L'émissaire spécial du président américain Donald Trump pour le Moyen-Orient, Steve Witkoff, a affirmé à Washington avoir "un très bon ressenti" sur la possibilité de parvenir à "un cessez-le-feu temporaire à Gaza et une solution à long terme".
"Nous sommes sur le point d'envoyer une nouvelle proposition qui sera, nous l'espérons, livrée plus tard aujourd'hui", a-t-il déclaré, alors que la guerre déclenchée par le Hamas est entrée mercredi dans son 600e jour.
Ses services avaient affirmé la veille que le mouvement islamiste palestinien avait décliné une précédente offre de cessez-le-feu.
"Nous avons chassé les terroristes de notre territoire, pénétré de force dans la bande de Gaza, éliminé des dizaines de milliers de terroristes, éliminé (...) Mohammed Sinouar", a-t-il déclaré lors d'une session au Parlement.
L'armée israélienne avait annoncé avoir frappé le 13 mai "un centre de commandement et de contrôle du Hamas situé dans une infrastructure souterraine terroriste, sous l'hôpital européen de Khan Younès", dans le sud de la bande de Gaza.
Selon des médias israéliens, cette frappe visait en fait Mohammed Sinouar, frère de Yahya Sinouar, ex-chef suprême du Hamas tué par l'armée israélienne en octobre 2024 à Rafah, dans le sud de la bande de Gaza.
Yahya Sinouar est considéré comme le principal architecte de l'attaque sans précédent du Hamas contre Israël du 7 octobre 2023, qui a déclenché la guerre à Gaza.
Selon les experts du mouvement islamiste, Mohammed Sinouar dirigeait la branche armée du Hamas, les Brigades al-Qassam, considérées, au même titre que leur mouvement politique, comme une organisation terroriste par les Etats-Unis et l'Union européenne notamment.
"Indigne et dangereux"
L'annonce intervient après qu'un haut responsable de l'ONU a jugé indigne le nouveau système d'aide mis en place par Israël dans le territoire palestinien, après une distribution chaotique ayant fait 47 blessés la veille.
L'armée israélienne a démenti mercredi avoir ouvert le feu sur la foule en marge de cette distribution à Rafah (sud), dans un nouveau centre tenu par la Fondation humanitaire de Gaza (GHF), une société privée créée avec le soutien d'Israël et des Etats-Unis.
L'opération a tourné au chaos lorsque des milliers de Palestiniens se sont rués sur le site, selon des journalistes de l'AFP.
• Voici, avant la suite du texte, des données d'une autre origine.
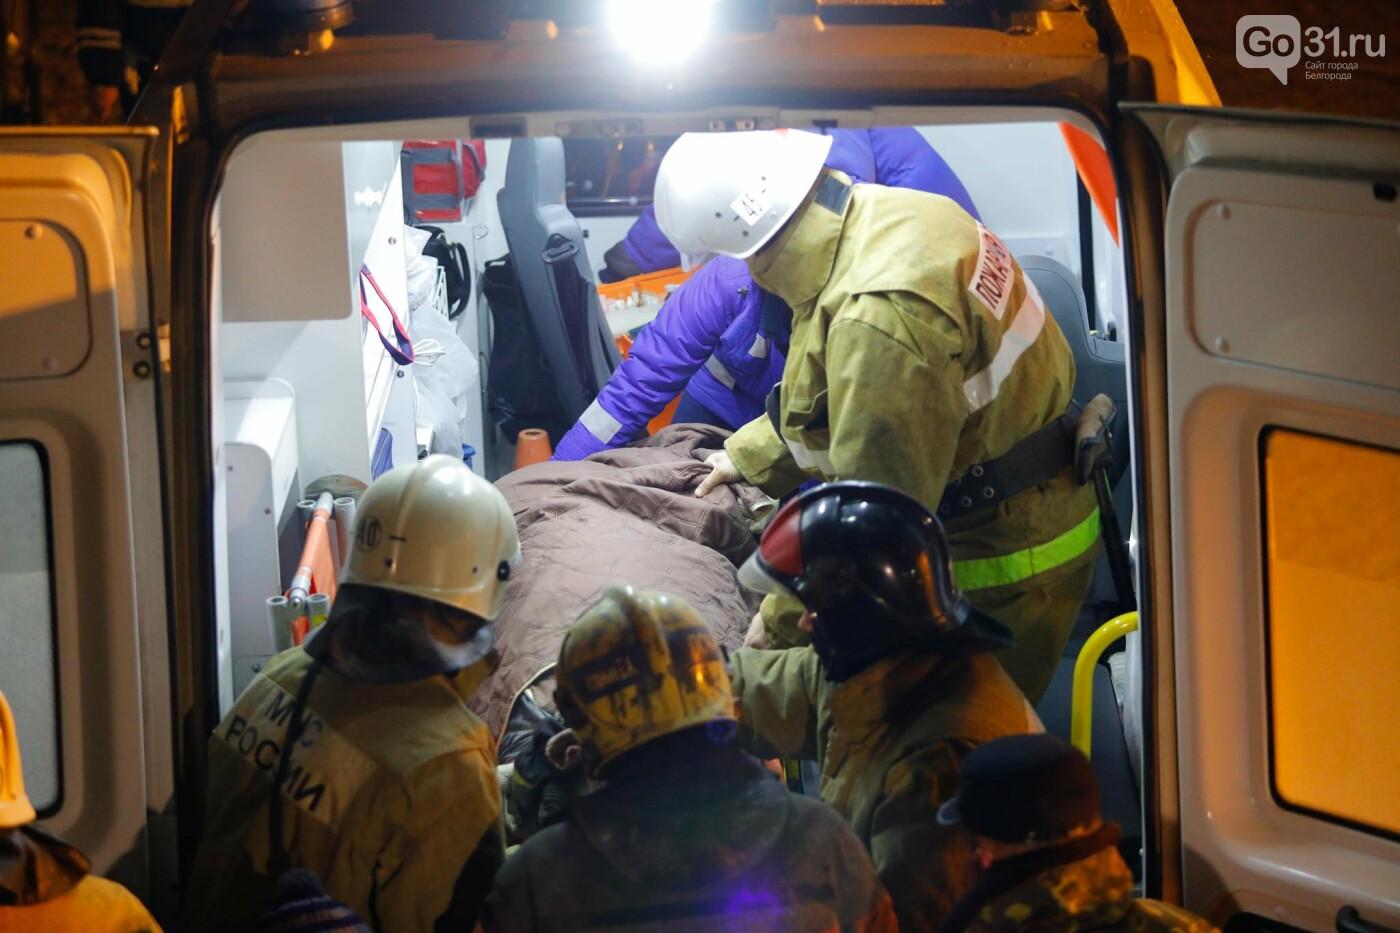 Под завалами разрушенного дома в Белгородской области нашли погибшего. Пострадали еще 6 человек (ФОТО И ПОДРОБНОСТИ), фото-21

"Environ 47 personnes ont été blessées", "la plupart par balles", et "les tirs provenaient de l'armée israélienne", a affirmé mercredi Ajith Sunghay, chef du Bureau du Haut-Commissariat des Nations unies aux droits de l'Homme dans les Territoires palestiniens occupés.
L'armée israélienne a elle fait état de "tirs de sommation en l'air" effectués par ses soldats "dans la zone à l'extérieur" du centre géré par la GHF, "en aucun cas vers les gens".
La GHF a également démenti tout tir en direction de la foule, indiquant avoir ouvert un nouveau site de distribution qui a fonctionné "sans incident". L'organisation se targue d'avoir acheminé huit camions d'aide et distribué plus de 840'000 repas mercredi.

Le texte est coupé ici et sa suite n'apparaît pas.